TASK STATEMENT: Word for word, set down the lines from the one that holds "RAMSES Flügelmutter , DIN" through the final line of the listing below, and exclude every picture.

SOURCE MATERIAL:
=== Begin Enclosure ===
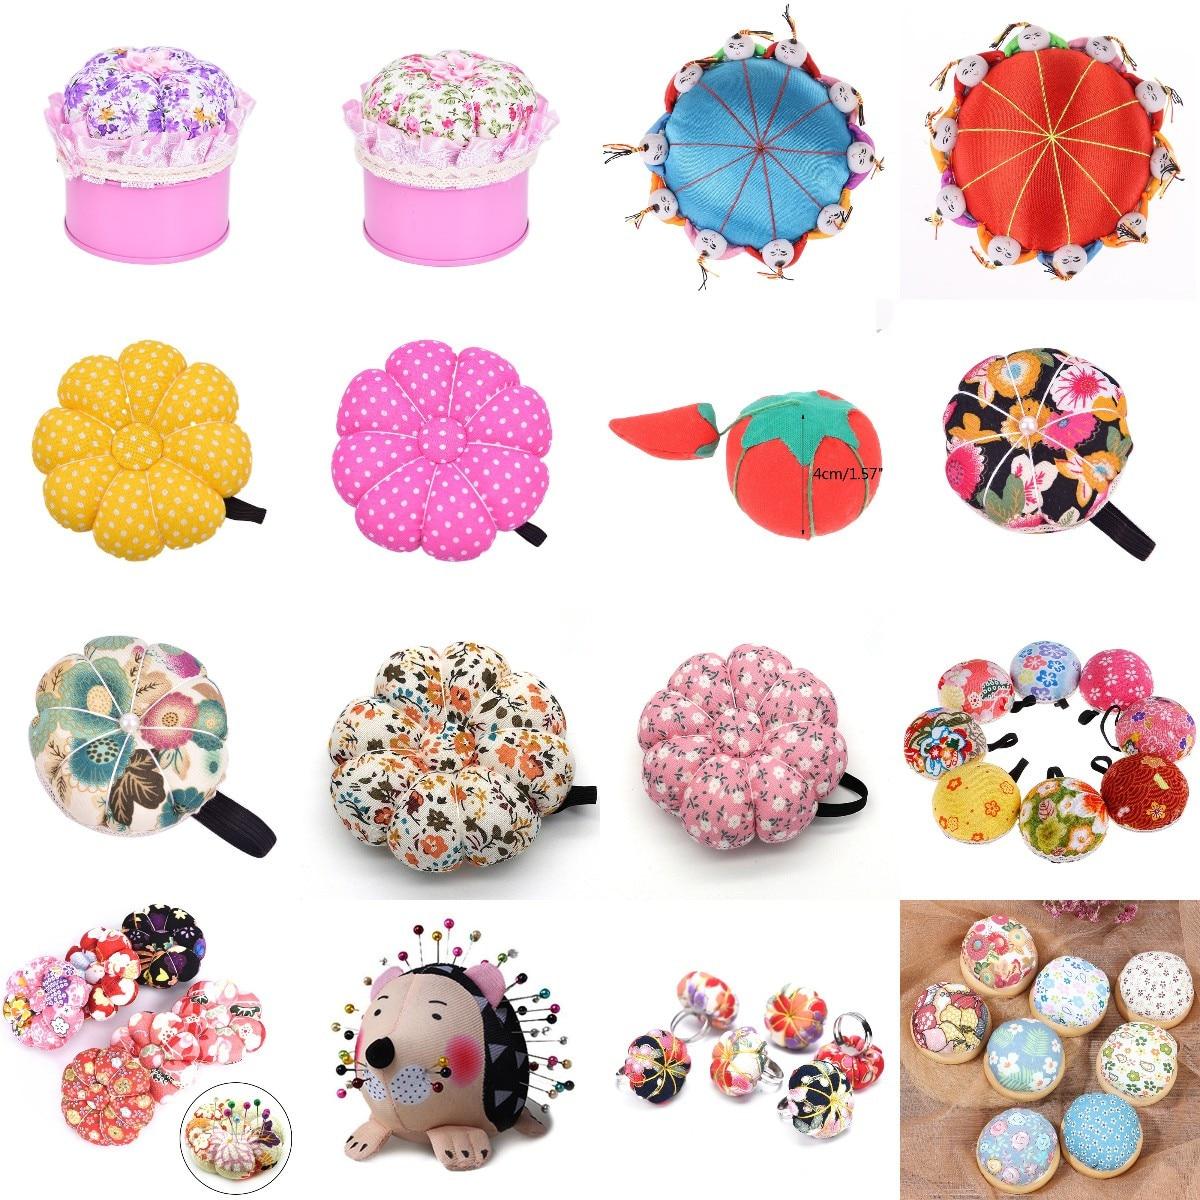 1Pc Ball Shaped DIY Craft Needle Pin Cushion Holder Sewing Kit Pincushions Wrist Strap Pin Cushion Home Sewing Supplies New
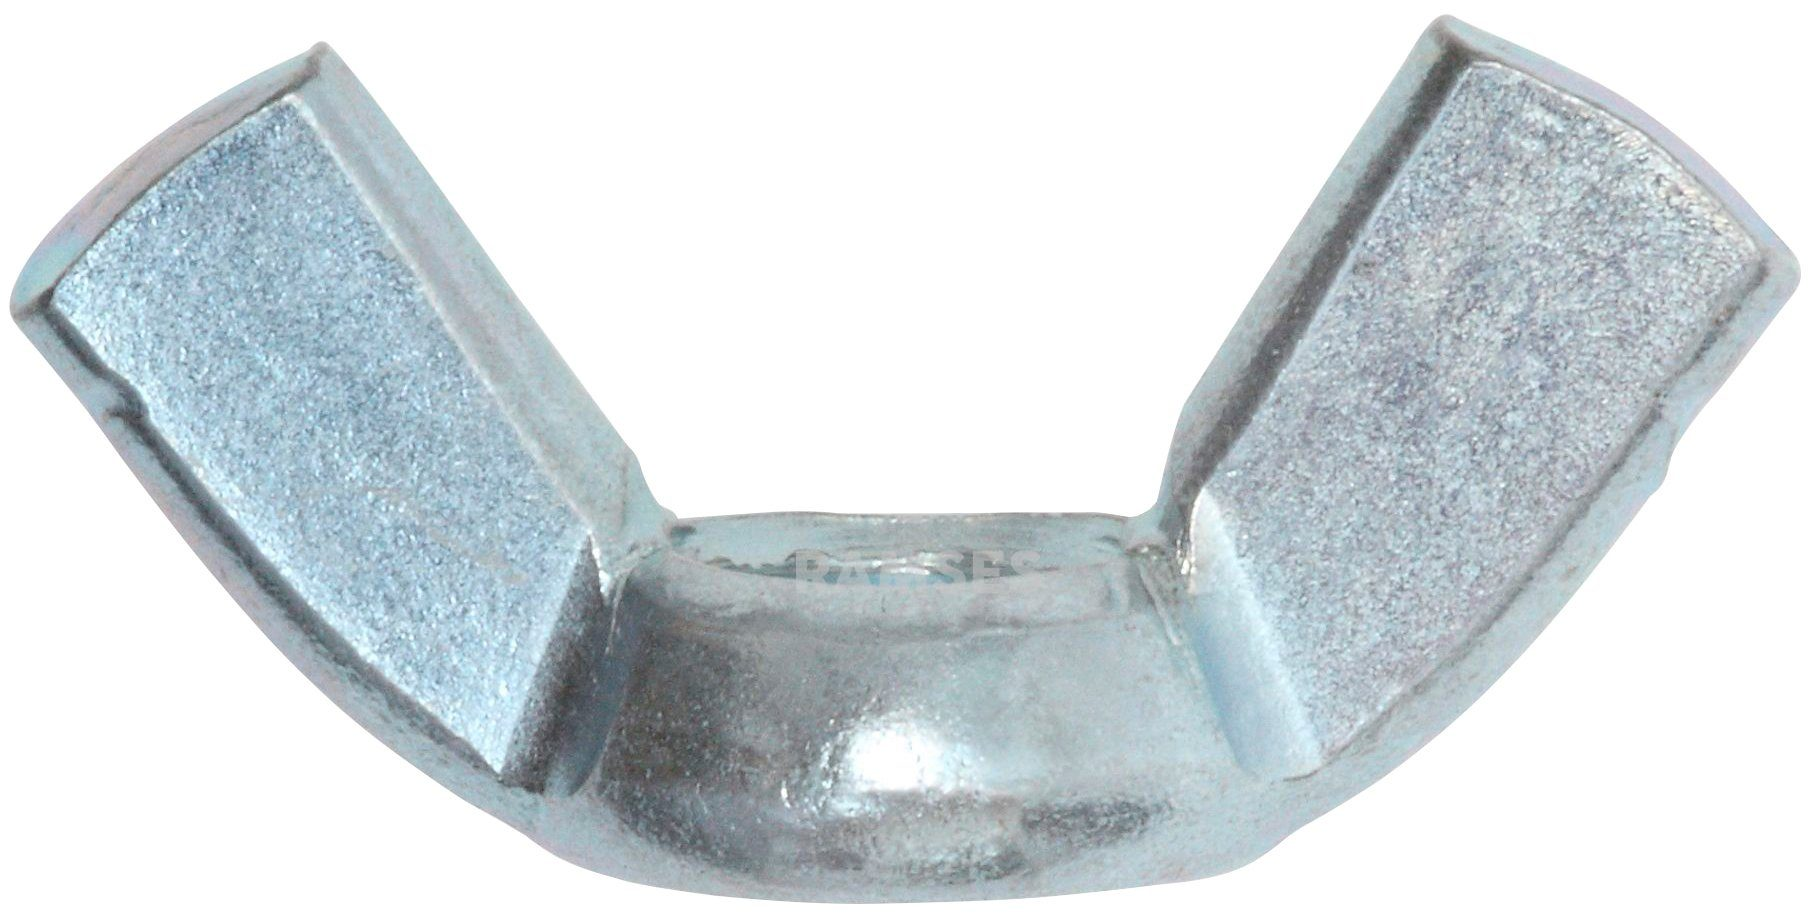 RAMSES Flügelmutter , DIN 315 Amerikanische Form M12, 25 Stück
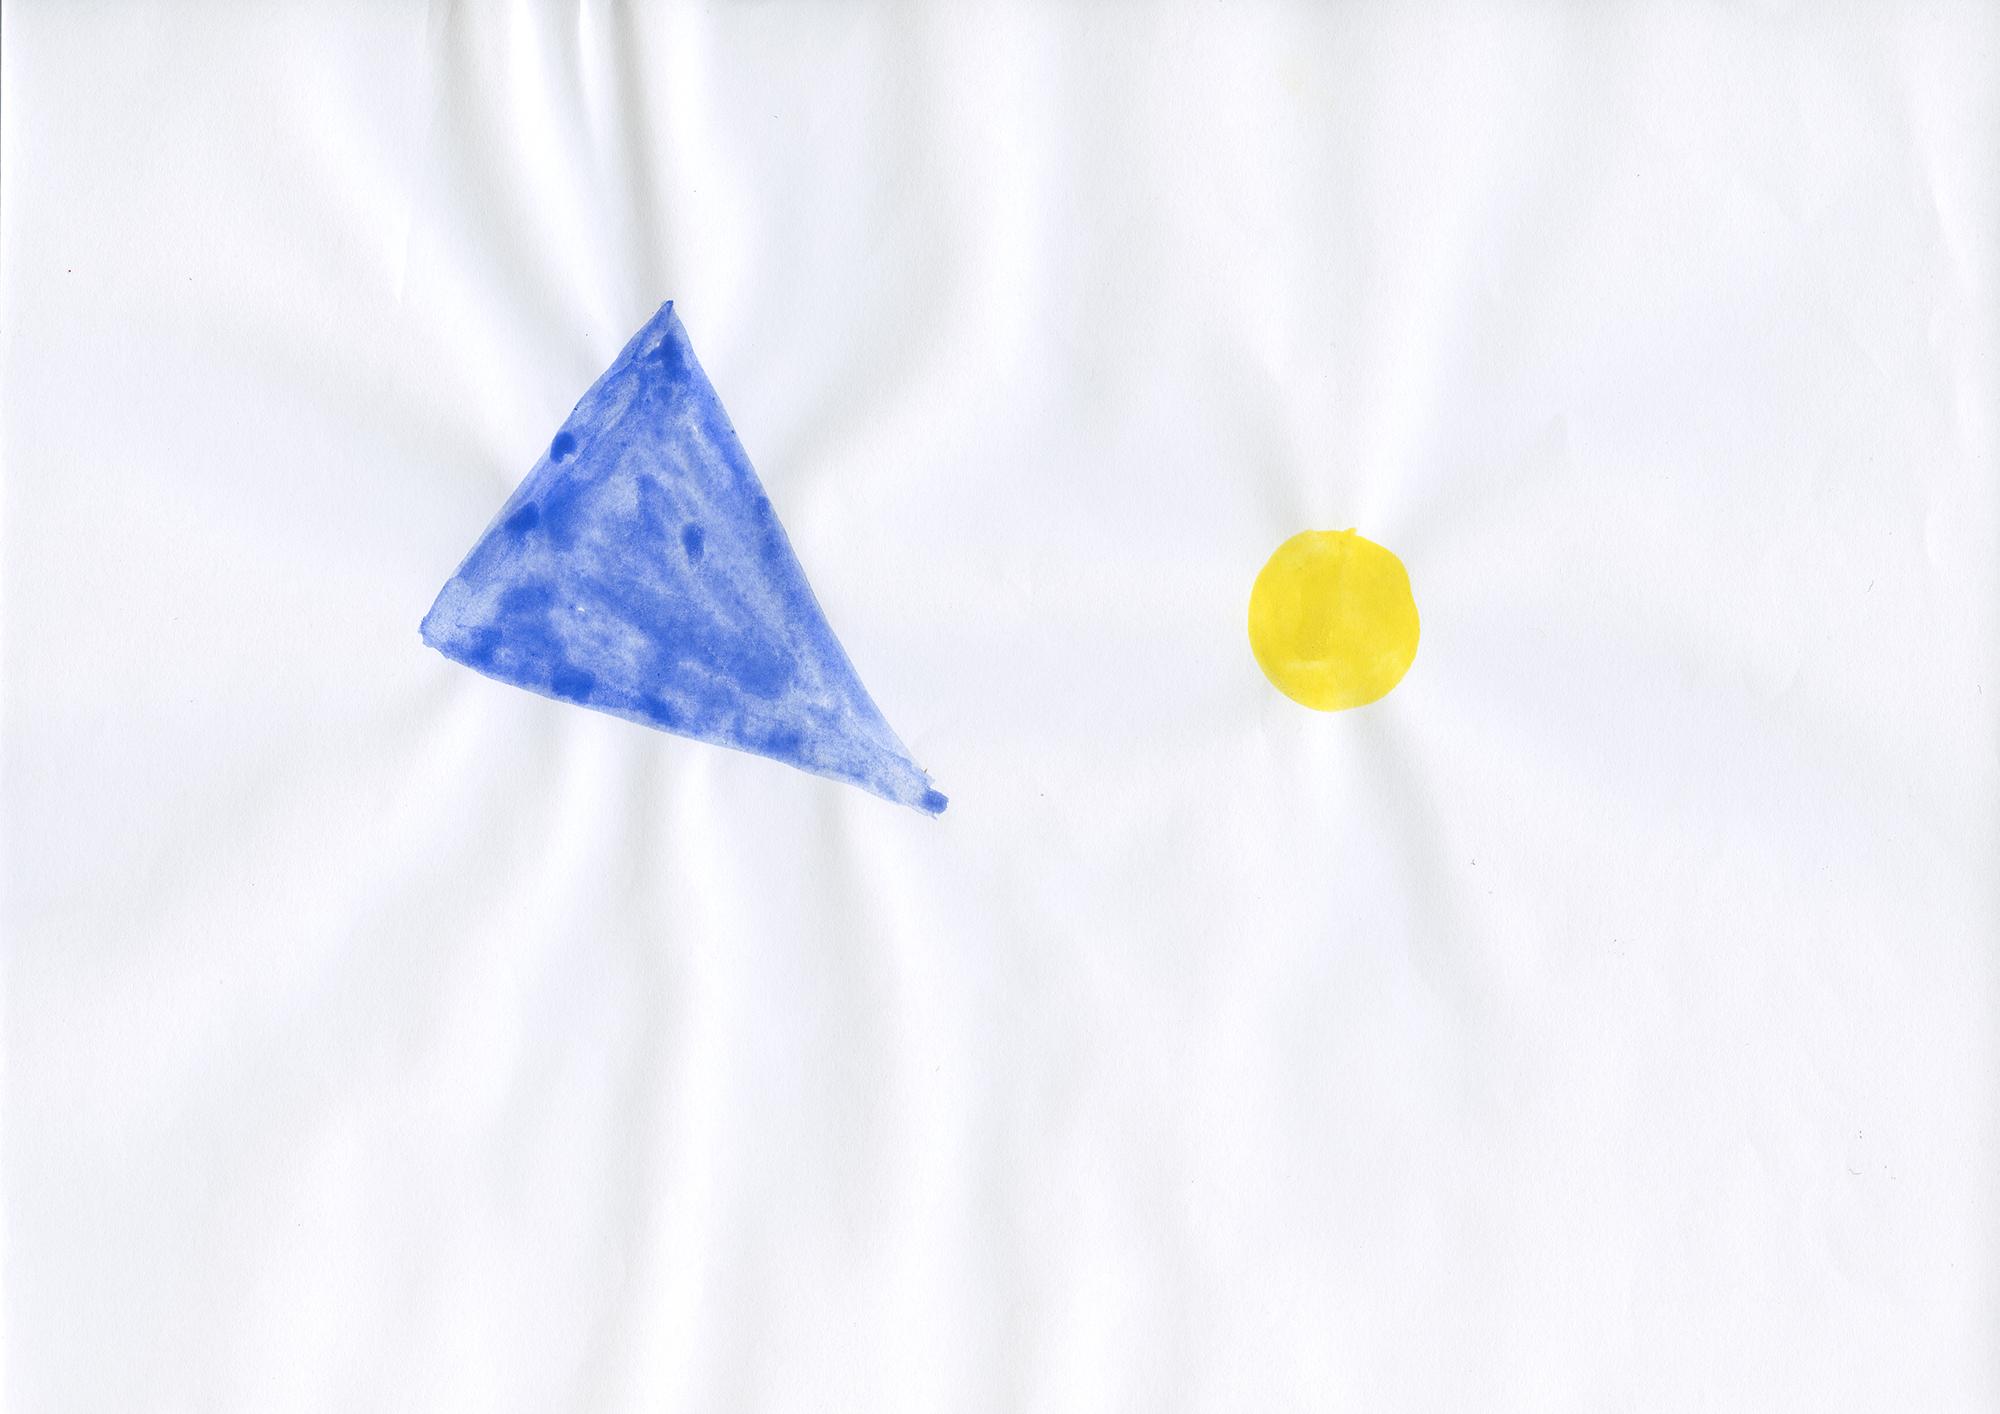 Untitled, 2006, gouache on paper, 21 x 29,7 cm
=== End Enclosure ===
SOLUTION BELOW:
 RAMSES Flügelmutter , DIN 315 Amerikanische Form M12, 25 Stück
 Untitled, 2006, gouache on paper, 21 x 29,7 cm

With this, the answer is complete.